Method	TEI ↑	TFR ↓	PPR ↑	APR ↑	Scenario
RoboPARA	0.953	0.033	0.543	0.283	Kitchen
Embodied TaPA	0.859	0.200	0.000	0.080	Kitchen
RoCo	0.836	0.067	0.008	0.041	Kitchen
ChatGPT-Prompts	0.817	0.081	0.000	0.010	Kitchen
LLM-Planner	0.858	0.200	0.000	0.077	Kitchen

Ablation Study¶

Configuration	PPR	APR	Description
RoboPARA (Full)	0.543	0.283	Full Framework
w/o Graph Correction	~0.35	~0.18	DAG generation may contain cycles/redundancies
w/o RAG Retrieval	~0.40	~0.20	Decrease in task decomposition quality

Key Findings¶

RoboPARA achieves more than 4.5× the parallel and collaborative steps of baselines, reducing execution time by 30-50%.
In the most complex task combinations, RoboPARA's success rate is on average 34% higher than other methods.
Parallel steps for all baseline methods are near zero (PPR ≈ 0), confirming that existing methods almost entirely ignore parallelism.
Deployment on real humanoid robots demonstrates behaviors closely mimicking human activity patterns.

Highlights & Insights¶

Decoupled Planning-Scheduling Design: Assigning task semantic understanding and dependency modeling to the LLM, while leaving the NP-hard scheduling problem to a deterministic algorithm, represents an effective division of labor.
Parallelism as an Evaluation Dimension: By establishing parallelism as a core metric for dual-arm robots, the PPR/APR metrics can be extended to multi-robot collaboration scenarios.
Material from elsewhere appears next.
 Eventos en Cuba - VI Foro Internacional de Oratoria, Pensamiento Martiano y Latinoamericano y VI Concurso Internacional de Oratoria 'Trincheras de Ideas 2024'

Limitations & Future Work¶

DAG generation still relies on the reasoning capabilities of the LLM, which may fail in cases of complex cross-task dependencies.
The scheduling algorithm uses heuristics rather than global optimization, potentially missing the absolute optimal parallel solution.
The framework assumes that the execution time of each atomic operation is known or estimable, which may not hold in practice.
Dynamic re-planning during execution (e.g., recovery strategies after a step fails) is not yet considered.
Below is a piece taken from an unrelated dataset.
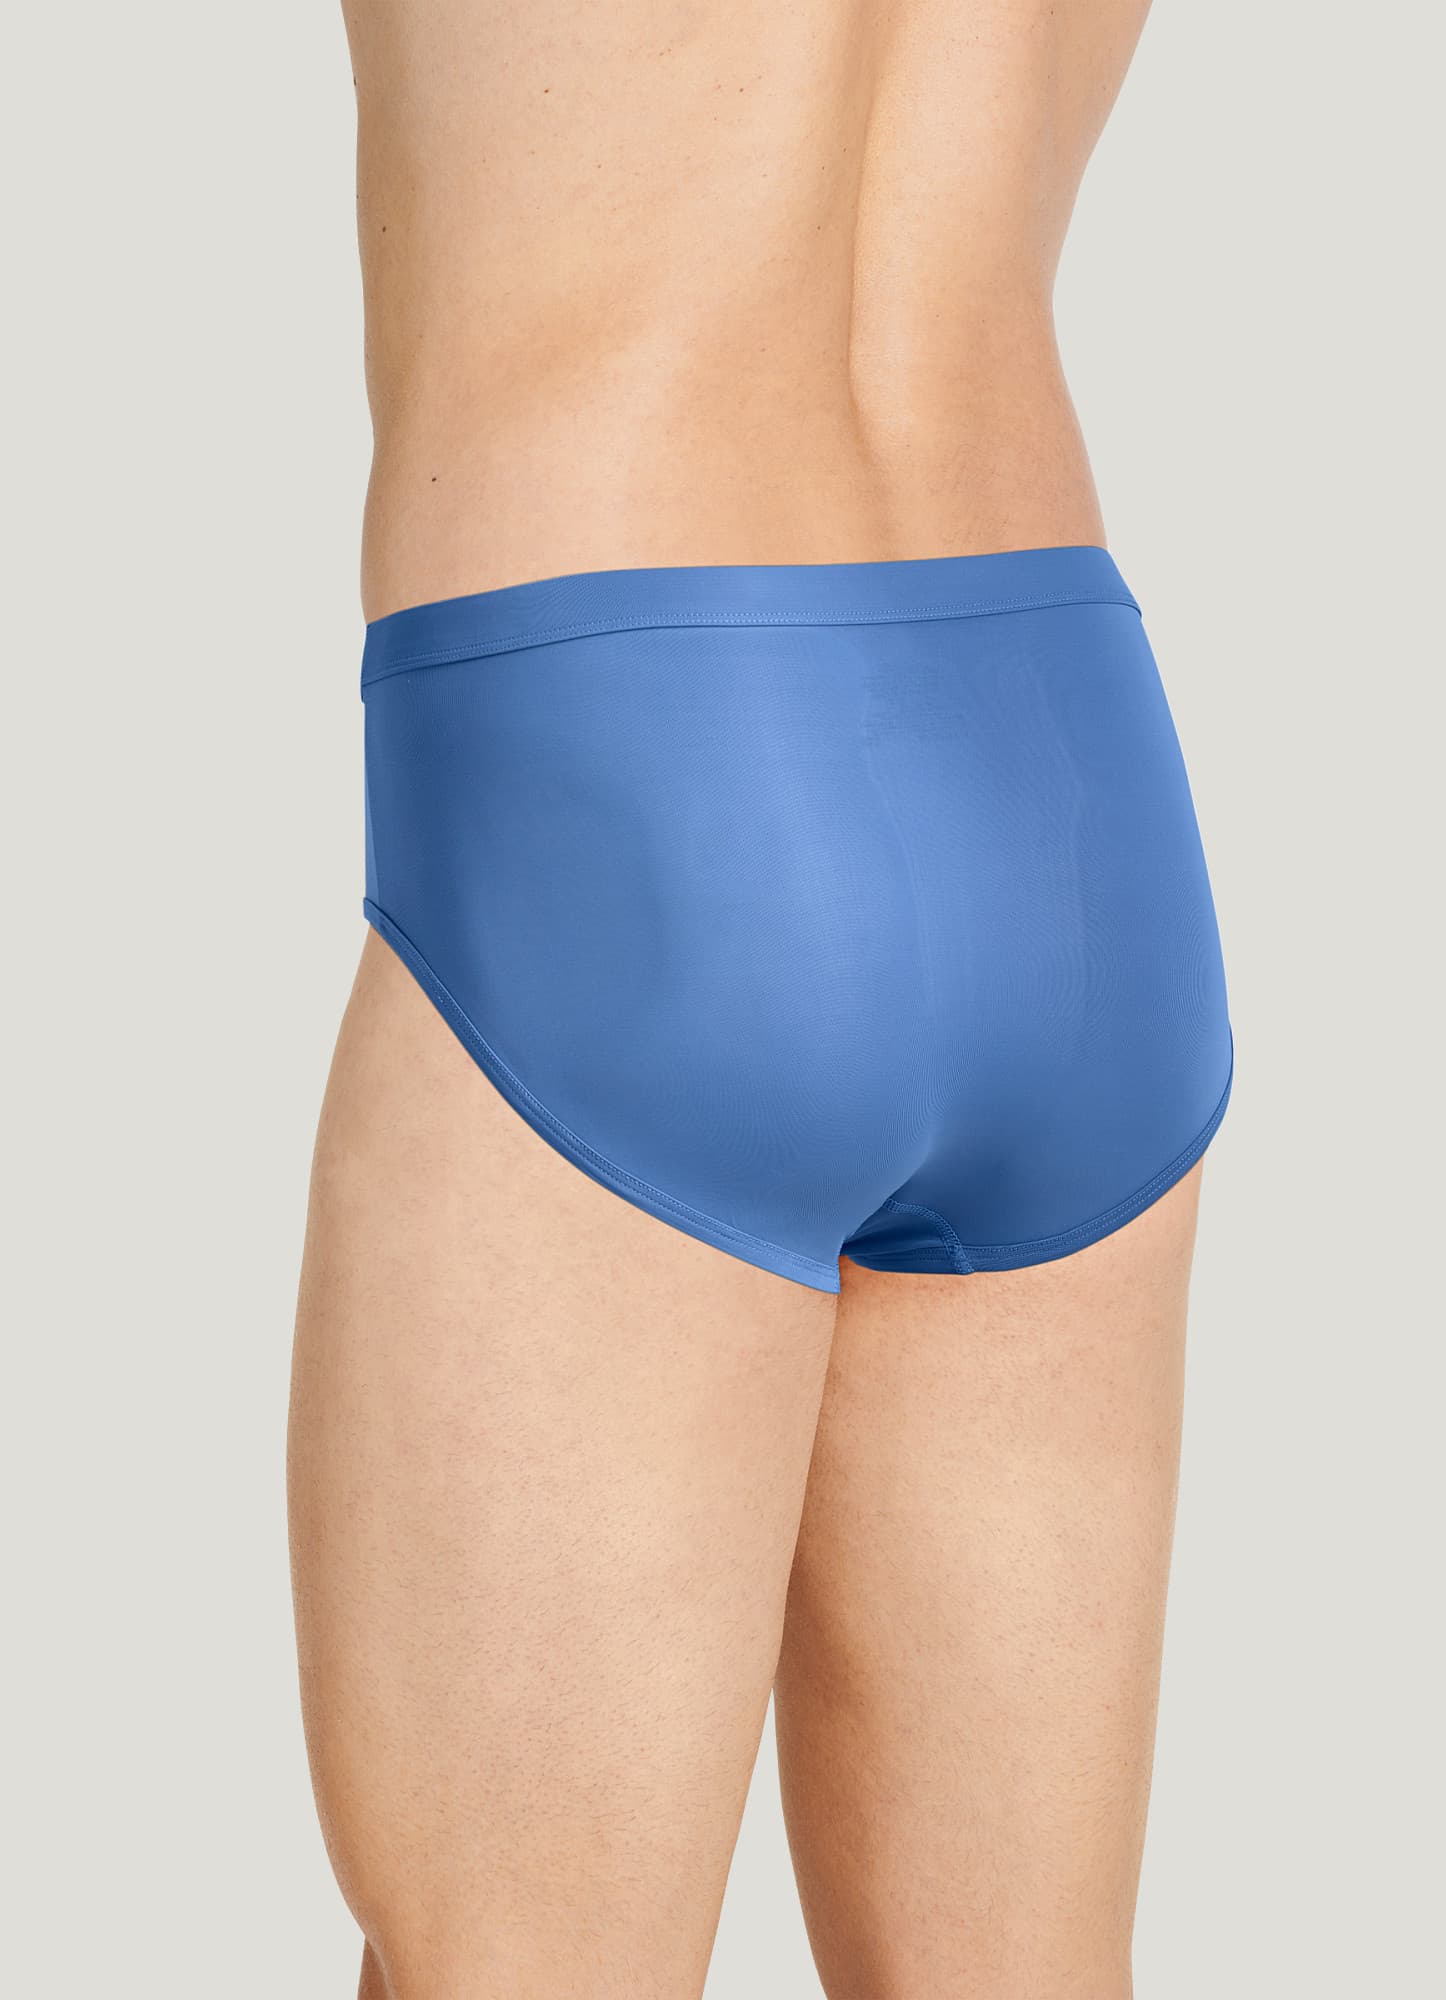 Jockey Men's Underwear, Elance Poco Brief 2 Pack In Pinkoverfl

vs RoCo: RoCo uses agents to decompose and assign tasks through dialogue negotiation, but the resulting plans are still largely sequential. RoboPARA explicitly optimizes parallelism.
vs FLTRNN: FLTRNN employs an RNN structure for long-term planning, focusing on task decomposition and memory management rather than dual-arm parallelism.

Rating¶

Novelty: ⭐⭐⭐⭐ The first system to focus on dual-arm parallelism within an LLM planning framework.
Experimental Thoroughness: ⭐⭐⭐⭐ Extensive baseline comparisons and multi-scenario evaluations.
Writing Quality: ⭐⭐⭐⭐ Clear motivation and comprehensive methodological description.
Value: ⭐⭐⭐⭐ Practical significance for multi-arm and multi-robot task scheduling.